--- START ---
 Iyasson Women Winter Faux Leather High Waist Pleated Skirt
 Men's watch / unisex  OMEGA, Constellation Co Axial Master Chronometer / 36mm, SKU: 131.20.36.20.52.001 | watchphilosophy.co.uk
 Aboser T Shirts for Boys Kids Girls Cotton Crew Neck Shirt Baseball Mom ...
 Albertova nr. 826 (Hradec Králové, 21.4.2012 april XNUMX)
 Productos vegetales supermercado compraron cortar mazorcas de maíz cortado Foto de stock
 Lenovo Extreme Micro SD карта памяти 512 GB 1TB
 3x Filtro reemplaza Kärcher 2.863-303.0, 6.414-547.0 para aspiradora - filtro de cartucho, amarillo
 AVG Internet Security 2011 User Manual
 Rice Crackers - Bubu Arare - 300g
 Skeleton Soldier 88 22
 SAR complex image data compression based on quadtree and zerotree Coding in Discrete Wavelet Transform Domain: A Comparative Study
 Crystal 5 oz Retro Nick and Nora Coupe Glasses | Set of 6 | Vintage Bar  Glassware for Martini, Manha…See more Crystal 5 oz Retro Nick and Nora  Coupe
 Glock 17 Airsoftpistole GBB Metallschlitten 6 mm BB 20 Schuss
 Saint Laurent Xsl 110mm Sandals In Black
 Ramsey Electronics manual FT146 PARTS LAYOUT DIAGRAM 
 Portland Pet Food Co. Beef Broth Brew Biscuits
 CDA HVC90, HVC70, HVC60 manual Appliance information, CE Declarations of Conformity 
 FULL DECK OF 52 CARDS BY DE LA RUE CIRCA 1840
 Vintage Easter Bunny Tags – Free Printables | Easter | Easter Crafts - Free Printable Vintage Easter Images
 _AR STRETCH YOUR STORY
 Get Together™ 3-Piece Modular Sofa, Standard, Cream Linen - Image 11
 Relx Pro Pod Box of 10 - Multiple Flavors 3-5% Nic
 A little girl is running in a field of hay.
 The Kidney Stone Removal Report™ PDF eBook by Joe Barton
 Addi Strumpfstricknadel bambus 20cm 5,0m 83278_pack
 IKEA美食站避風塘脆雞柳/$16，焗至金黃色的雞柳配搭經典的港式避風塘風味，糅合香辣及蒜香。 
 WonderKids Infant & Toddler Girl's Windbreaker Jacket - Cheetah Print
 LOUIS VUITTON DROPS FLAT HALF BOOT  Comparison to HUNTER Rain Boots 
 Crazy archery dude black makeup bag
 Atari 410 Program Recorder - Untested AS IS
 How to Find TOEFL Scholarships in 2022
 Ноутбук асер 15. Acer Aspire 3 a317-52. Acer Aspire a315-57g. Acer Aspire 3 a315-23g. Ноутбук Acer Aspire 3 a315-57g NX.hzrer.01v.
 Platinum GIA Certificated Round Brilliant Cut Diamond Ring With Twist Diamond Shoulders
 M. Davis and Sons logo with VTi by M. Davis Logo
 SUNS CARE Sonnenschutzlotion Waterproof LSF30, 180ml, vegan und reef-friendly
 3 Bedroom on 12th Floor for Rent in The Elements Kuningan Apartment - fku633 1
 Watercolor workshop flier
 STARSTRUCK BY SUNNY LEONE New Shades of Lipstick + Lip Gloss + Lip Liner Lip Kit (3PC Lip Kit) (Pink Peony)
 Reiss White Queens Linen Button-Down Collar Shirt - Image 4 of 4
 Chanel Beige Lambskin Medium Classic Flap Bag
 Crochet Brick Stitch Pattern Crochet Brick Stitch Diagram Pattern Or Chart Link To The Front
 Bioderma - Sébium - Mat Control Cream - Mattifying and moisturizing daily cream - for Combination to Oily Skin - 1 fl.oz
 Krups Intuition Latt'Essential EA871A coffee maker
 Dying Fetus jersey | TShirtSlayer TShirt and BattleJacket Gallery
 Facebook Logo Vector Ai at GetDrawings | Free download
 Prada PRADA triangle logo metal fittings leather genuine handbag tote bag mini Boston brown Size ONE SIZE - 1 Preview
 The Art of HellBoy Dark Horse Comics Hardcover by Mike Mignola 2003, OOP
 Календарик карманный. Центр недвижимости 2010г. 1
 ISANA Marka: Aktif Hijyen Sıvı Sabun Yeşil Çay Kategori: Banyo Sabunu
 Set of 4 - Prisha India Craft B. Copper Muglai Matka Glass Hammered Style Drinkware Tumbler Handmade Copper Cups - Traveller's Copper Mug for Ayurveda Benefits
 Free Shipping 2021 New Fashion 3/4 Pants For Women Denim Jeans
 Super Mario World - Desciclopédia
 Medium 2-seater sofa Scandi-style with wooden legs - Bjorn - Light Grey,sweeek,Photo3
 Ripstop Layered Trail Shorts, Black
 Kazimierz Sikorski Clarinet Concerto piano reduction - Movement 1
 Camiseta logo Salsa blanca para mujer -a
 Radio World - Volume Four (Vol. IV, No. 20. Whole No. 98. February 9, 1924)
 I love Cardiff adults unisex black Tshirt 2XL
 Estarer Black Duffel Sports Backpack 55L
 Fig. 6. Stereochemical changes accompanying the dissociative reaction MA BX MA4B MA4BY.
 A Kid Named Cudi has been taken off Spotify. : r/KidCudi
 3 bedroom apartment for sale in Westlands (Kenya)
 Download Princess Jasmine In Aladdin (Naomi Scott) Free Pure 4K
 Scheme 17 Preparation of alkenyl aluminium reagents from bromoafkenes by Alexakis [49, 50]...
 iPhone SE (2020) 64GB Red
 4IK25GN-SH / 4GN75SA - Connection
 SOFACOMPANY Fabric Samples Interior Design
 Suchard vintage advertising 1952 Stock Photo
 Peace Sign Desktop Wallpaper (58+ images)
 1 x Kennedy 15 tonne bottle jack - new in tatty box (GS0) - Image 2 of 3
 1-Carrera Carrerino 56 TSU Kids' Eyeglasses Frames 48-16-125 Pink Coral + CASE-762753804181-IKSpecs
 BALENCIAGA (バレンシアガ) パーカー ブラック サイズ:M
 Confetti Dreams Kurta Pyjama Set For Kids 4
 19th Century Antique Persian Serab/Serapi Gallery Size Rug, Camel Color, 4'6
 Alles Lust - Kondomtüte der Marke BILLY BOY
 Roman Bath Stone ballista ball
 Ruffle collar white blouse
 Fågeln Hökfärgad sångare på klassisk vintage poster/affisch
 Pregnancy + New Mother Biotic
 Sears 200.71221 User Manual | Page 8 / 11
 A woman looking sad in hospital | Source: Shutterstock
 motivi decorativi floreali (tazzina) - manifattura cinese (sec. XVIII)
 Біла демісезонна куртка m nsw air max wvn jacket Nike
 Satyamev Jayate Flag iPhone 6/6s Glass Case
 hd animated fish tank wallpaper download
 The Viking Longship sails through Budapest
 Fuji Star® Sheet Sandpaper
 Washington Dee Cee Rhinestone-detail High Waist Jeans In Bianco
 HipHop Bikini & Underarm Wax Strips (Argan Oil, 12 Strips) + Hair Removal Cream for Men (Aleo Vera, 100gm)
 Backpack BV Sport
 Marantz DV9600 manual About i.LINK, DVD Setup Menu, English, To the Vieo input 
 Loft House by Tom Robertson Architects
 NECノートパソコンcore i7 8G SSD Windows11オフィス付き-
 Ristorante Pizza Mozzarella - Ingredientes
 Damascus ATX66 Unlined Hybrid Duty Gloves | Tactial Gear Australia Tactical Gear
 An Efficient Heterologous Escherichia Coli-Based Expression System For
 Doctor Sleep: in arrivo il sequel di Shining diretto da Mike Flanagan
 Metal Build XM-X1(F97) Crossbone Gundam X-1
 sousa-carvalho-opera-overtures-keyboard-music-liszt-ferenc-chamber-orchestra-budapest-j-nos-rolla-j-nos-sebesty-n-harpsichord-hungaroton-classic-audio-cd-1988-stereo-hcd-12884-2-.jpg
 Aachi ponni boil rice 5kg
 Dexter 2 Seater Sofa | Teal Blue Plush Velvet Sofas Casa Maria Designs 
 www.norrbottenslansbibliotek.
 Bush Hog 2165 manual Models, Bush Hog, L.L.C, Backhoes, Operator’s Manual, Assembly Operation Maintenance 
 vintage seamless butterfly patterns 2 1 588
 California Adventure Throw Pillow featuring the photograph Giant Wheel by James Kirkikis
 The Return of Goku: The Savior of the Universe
--- END ---
Only lines with the word "Backpack" count here; copy every one from the records.

▸ Exercise output
 Estarer Black Duffel Sports Backpack 55L
 Backpack BV Sport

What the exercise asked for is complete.